Change is based on our life experiences and the company we keep. Our lives can take different paths and we can end up wanting different things.

If these things don’t gel with that of our partner and a compromise can’t be reached then separation is the only way. We all deserve to be happy as individuals because for children to be happy they need to see happy parents whether they are together or not.

They say that they are parents first and foremost and I have seen people already questioning the fact that they are breaking up.

You don’t have to be together as a couple to be great parents.

This old fashioned notion of ‘staying together for the kids’ just simply doesn’t wash anymore in a world where women are independent and have choice. Women no longer have to think as they did the generation previously ‘I’ve made my bed and now I have to lie in it’, because as women we are skilled and educated as well as being Mum’s.
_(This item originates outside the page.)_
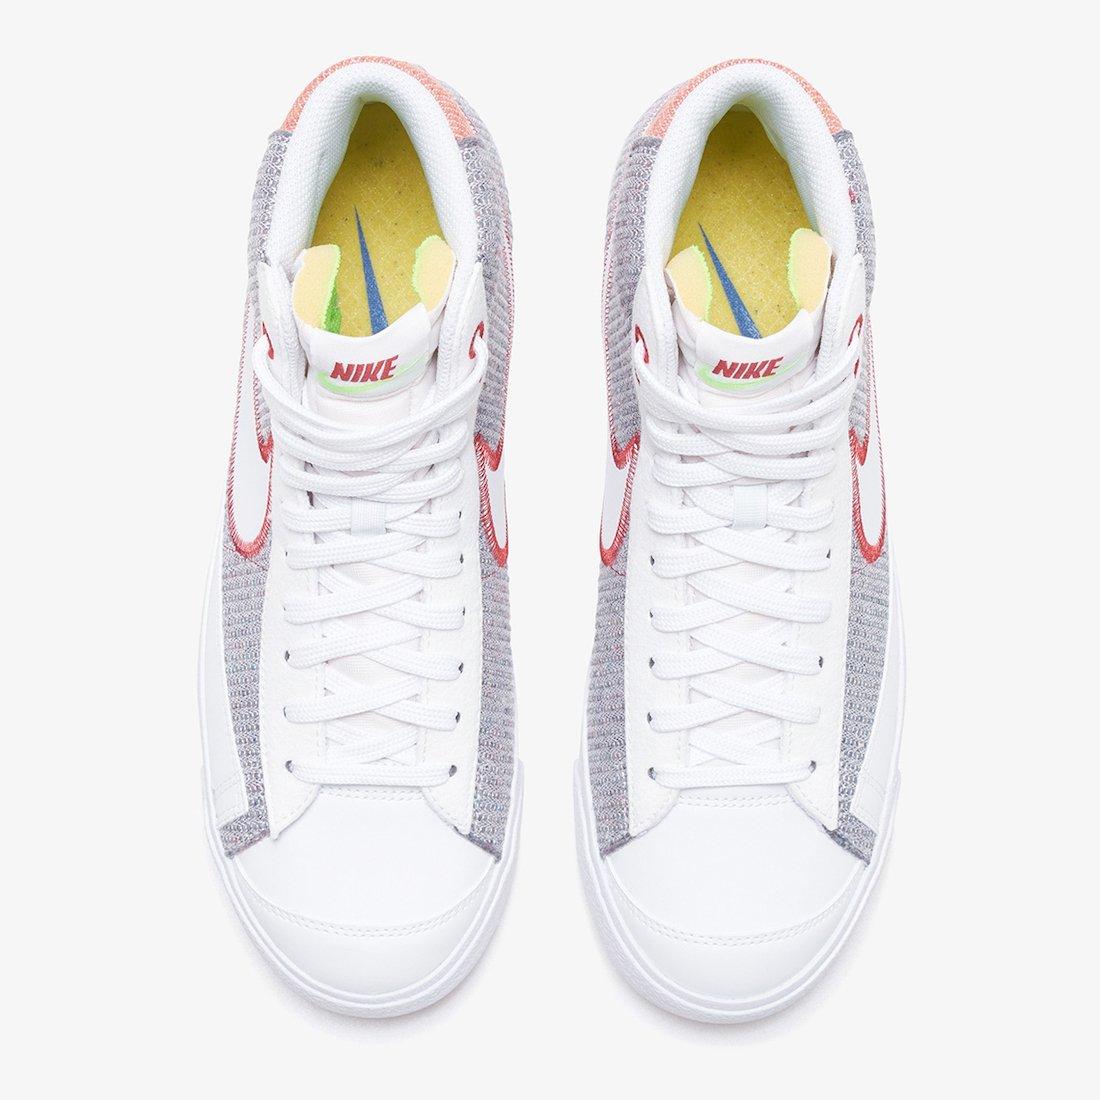 Nike Blazer Mid 77 Recycled CW5838-022 Release Date Info

My personal opinion that is it unhealthy to stay in a toxic marriage/relationship, and children are far less likely to go on to have successful relationships when their parents haven’t had a happy marriage. Parents who think they are putting on a front for their children need to know that the kids see right through any façade, because it’s the unconscious body language that gives the game away even if there is no arguing. Too many couples split around feelings of hatred, anger, resentment and jealousy, a split whilst these feelings are at the forefront is inevitably going to be more challenging and damaging for children. What Gwyneth and Chris are saying is that they are going to work just as hard as making this break up go smoothly whilst nurturing positive feelings and trying to ensure that they do the best for their children. I think it’s a fine example to set for those couples thinking of divorce.